Growth assays of cells expressing TelR-TALE-GFP, 177R-TALE-GFP or ingi-TALE-GFP and their cellular localisation.
A. Indicated cell cultures were seeded, cell number monitored and diluted every two days. B. DAPI and anti-GFP staining of fixed cells expressing indicated synthetic TALE-GFP fusion proteins. Bar = 10μm.

Fields of T. brucei cells showing the cellular localization of six expressed synthetic TALE-YFP fusion proteins compared to YFP-TRF and YFP-KKT.
Bloodstream form Lister 427 T. brucei cells expressing the indicated TALE-YFP fusion proteins fixed and TALE-YFP protein localization detected with anti-GFP primary antibody and Alexa Fluor 568-labeled secondary antibody (red). Nuclear and kinetoplastid (mitochondrial) DNA were stained with DAPI (green). Controls cell expressing telomeric YFP-TRF, centromeric YFP-KKT2 kinetochore protein or wild type Lister 427 cells expressing no YFP, are also shown. Scale bar, 10 μm. NonR-TALE-TFP field was captured at a quarter the size of others.

IngiR-TALE is enriched at matching binding sites located in retrotransposons.
A. ‘Ingi’ repeat consensus sequence conserved in Ingi, RIME, SIDER and DIRE elements. The sequence that ingiR-TALE was designed to bind is indicated. B. Cross-hatched rectangle indicates the conserved region in Ingi, RIME, SIDER and DIRE retrotransposons, which are predicted to provide approximately 295, 187, 101 and 21 binding sites for the ingiR-TALE, respectively. C. Analysis of ChIP-seq data for cells expressing ingi-TALE shows enrichment of DNA residing at or near predicted ingiR-TALE binding sites.

Overlap of proteins enriched in affinity purifications of both synthetic protein telomere binding protein YFP-TRF and TelR-TALE-YFP.
A. The Telomere Repeat binding Factor TRF binds (TTAGGG)n repeats at the ends of T. brucei chromosomes. A Venn diagram is shown comparing number of proteins enriched in YFP-TRF versus TelR-TALE-YFP affinity purifications. B. List of known telomere associated porteins and other proteins detected in YFP-TRF and/or TelR-TALE-YFP affinity purifications. + detected, - not detected, (-) weakly detected. Lists of all proteins detected in YFP-TRF and TelR-TALE-YFP affinity purifications are available in Tables S1 and S2, respectively. *See Reiss et al, 2018; Leal et al, 2020; Weisert et al, 2024.

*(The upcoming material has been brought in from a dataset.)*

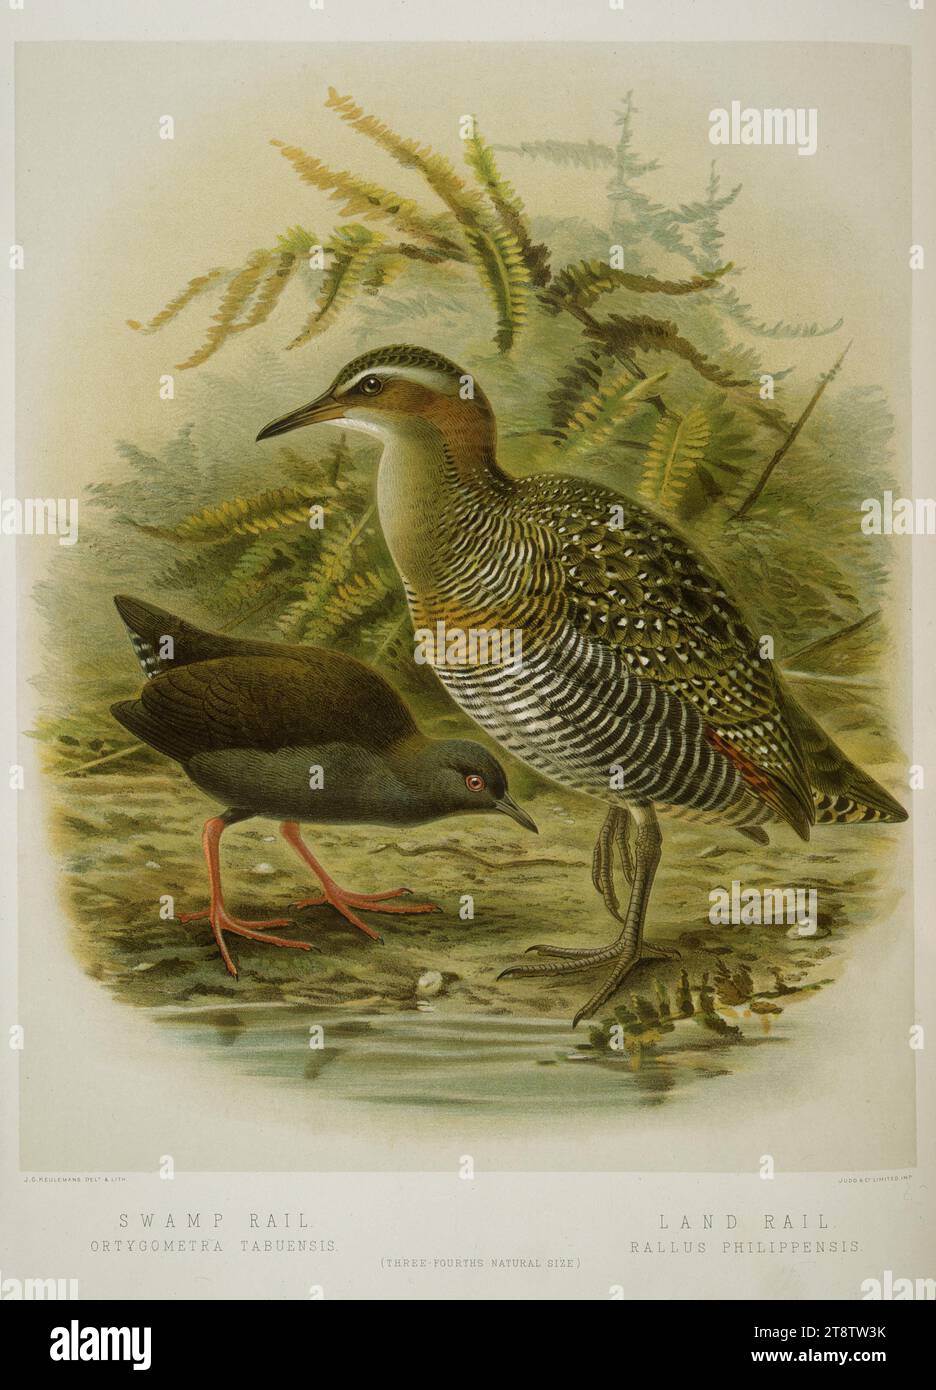 Keulemans, John Gerrard, 1842-1912: Swamp rail. Land rail / J. G. Keulemans delt. & lith. Plate XXXIII. 1888, Shows the banded land rail (rallus philippensis) in the right foreground, and the smaller darker red-legged swamp rail (ortygometra tabuensis) at the left Stock Photo

A control TALE that binds no specific T. brucei sequence validates proteins enriched in TelR-TALE, 70R-TALE and 177R-TALE affinity purifications.
A control NonR-TALE was designed to bind the sequence GGAAGTATACCTGGC that is not present in the T. brucei 427 genome. Affinity selection was performed on cells expressing the synthetic NonR-TALE-YFP, TelR-TALE, 70R-TALE-YFP, 177R-TALE-YFP, 147R-TALE-YFP or ingiR-TALE proteins and control cells expressing no-YFP tagged protein. Proteins enriched with the five repeat sequence targetted TALE-YFP proteins were identified and quantified by LC-MS/MS analysis relative to the NonR-TALE-YFP control rather than the No-YFP tag control. The data for each plot is derived from three biological replicates. Cutoffs used for significance: log2(tagged/untagged) P< 0.05 (Student’s t-test). Enrichment scores for proteins identified in each affinity selection are presented in Supplementary Tables (Excel files).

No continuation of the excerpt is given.